Bug #665796 reported by Juliano Ravasi on 2010-10-24
54
This bug affects 9 people
Affects Status Importance Assigned to Milestone
linux (Ubuntu)
Undecided
Unassigned

Bug Description

Since upgrading to Maverick, I'm frequently observing instances of the timer interrupts suddenly stopping being processed (or even produced?) for a few minutes. The system becomes sluggish as a whole, all CPU cores go high on Sys% usage. This continues for 3-5 minutes, then suddenly goes back to normal, just like how it started.

It is certainly related to the timer interrupt: If I continuously 'cat /proc/interrupts' (or just run it under 'watch') during the time the system is affected, interrupt 0 (IR-IO-APIC-edge timer) stays frozen until the problem goes away. No messages appear on dmesg or in /var/log/kern.log.

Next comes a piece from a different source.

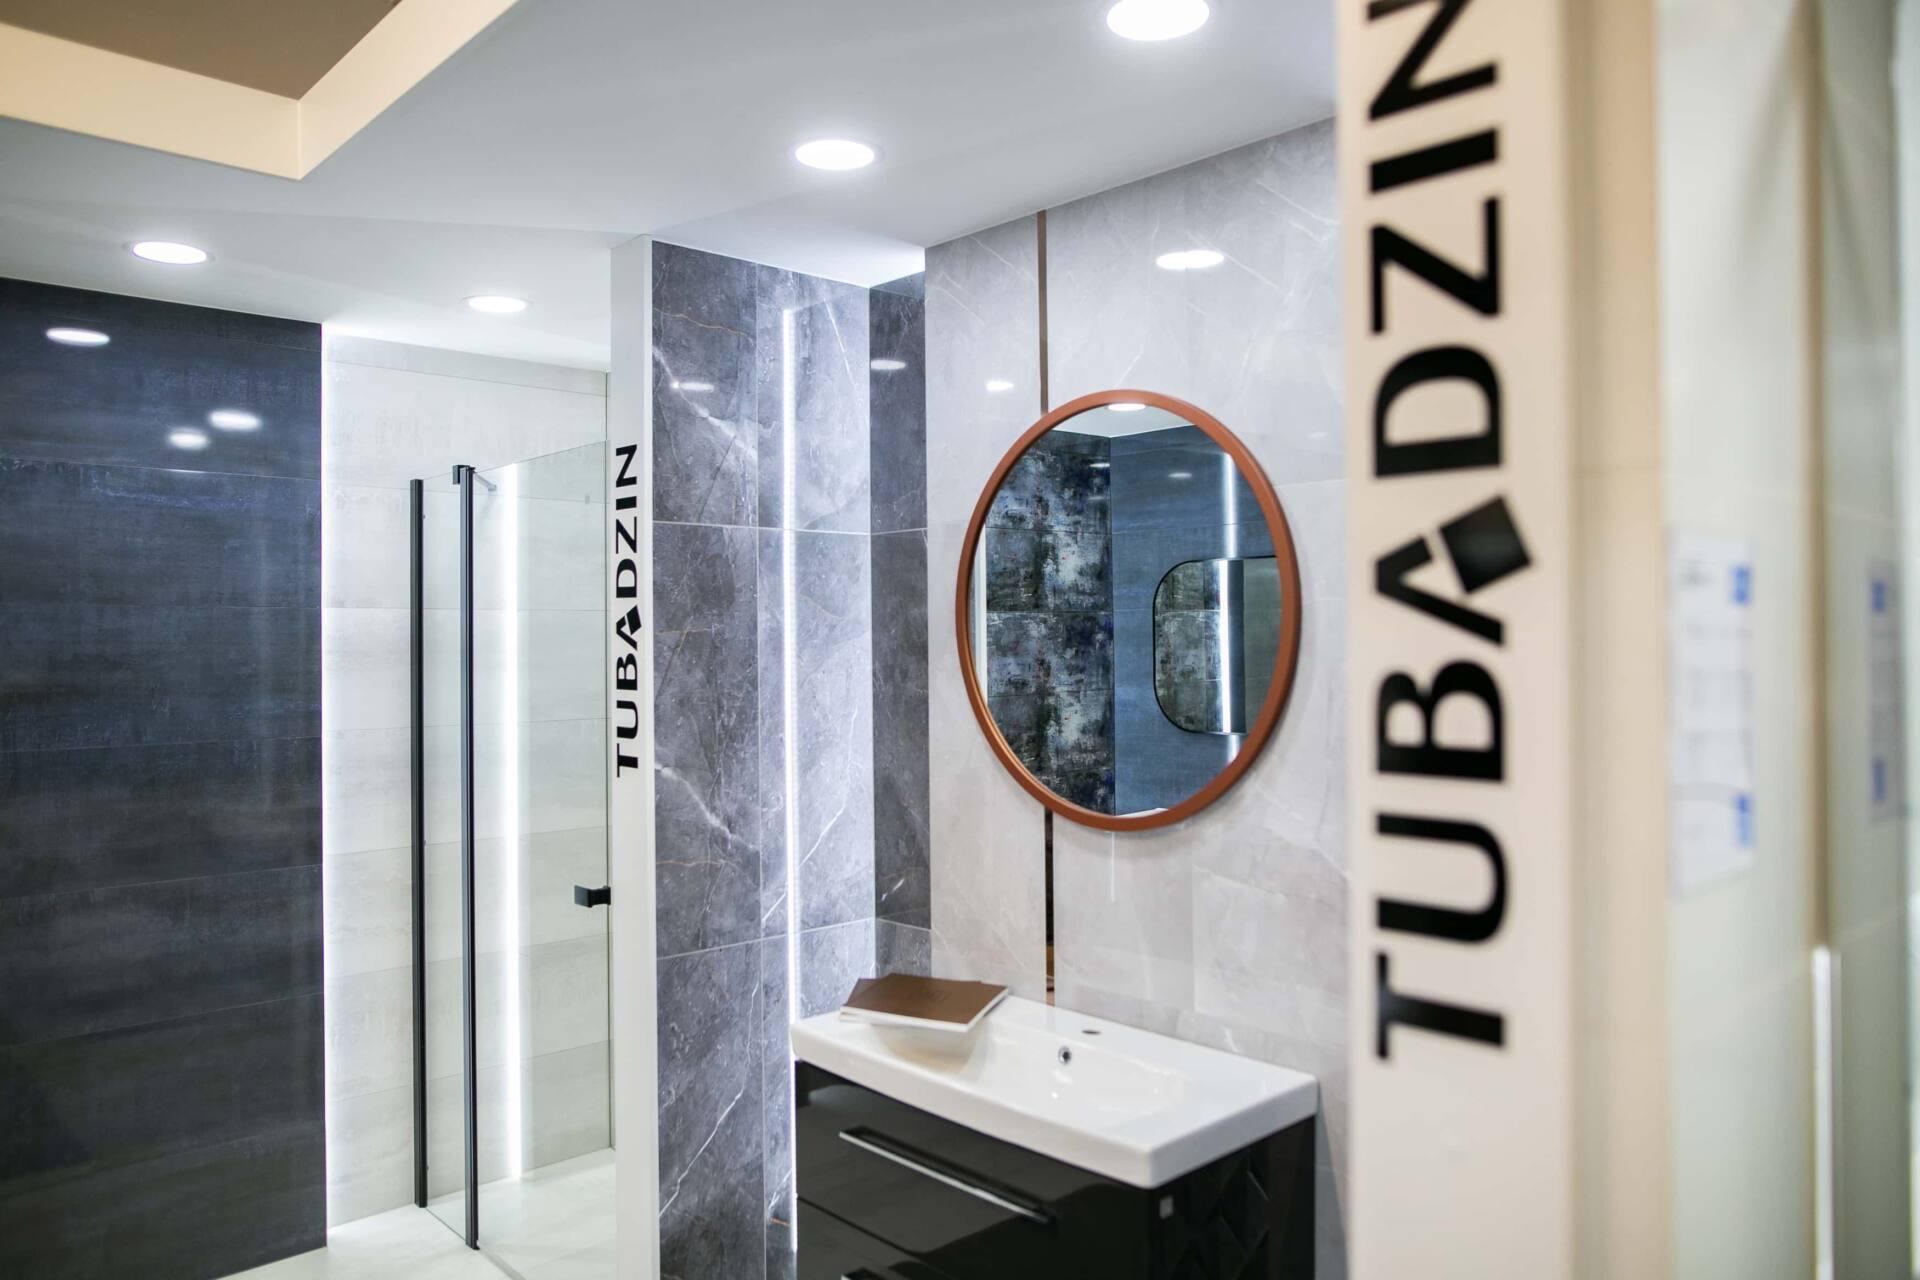 5db 5569 Salon BLU: na ponad 500 m2., 36 łazienkowych aranżacji i bogata ekspozycja wyposażenia (zdjęcia)

The problem always starts at random, with no particular cause, but it seems more frequent when making heavy use of both sound and graphics at the same time. It is very common to happen when I start playing some game on Wine. It seems to also vanish at random after 3-5 minutes have passed, but zapping the X server seems to a way to restore the normal behaviour (it happened twice until now, I need more tests to confirm).

The system is:
  Processor: Intel Core i7 930 (2.8 GHz, 4 cores × 2 threads)
  Mainboard: Intel DX58SO Extreme
  Memory: 6 GiB
  Storage: 3 × 1 TB Samsung HardDisks on a RAID 5 array, LVM on top.
  Video: nVidia GTX 460 (with proprietary drivers)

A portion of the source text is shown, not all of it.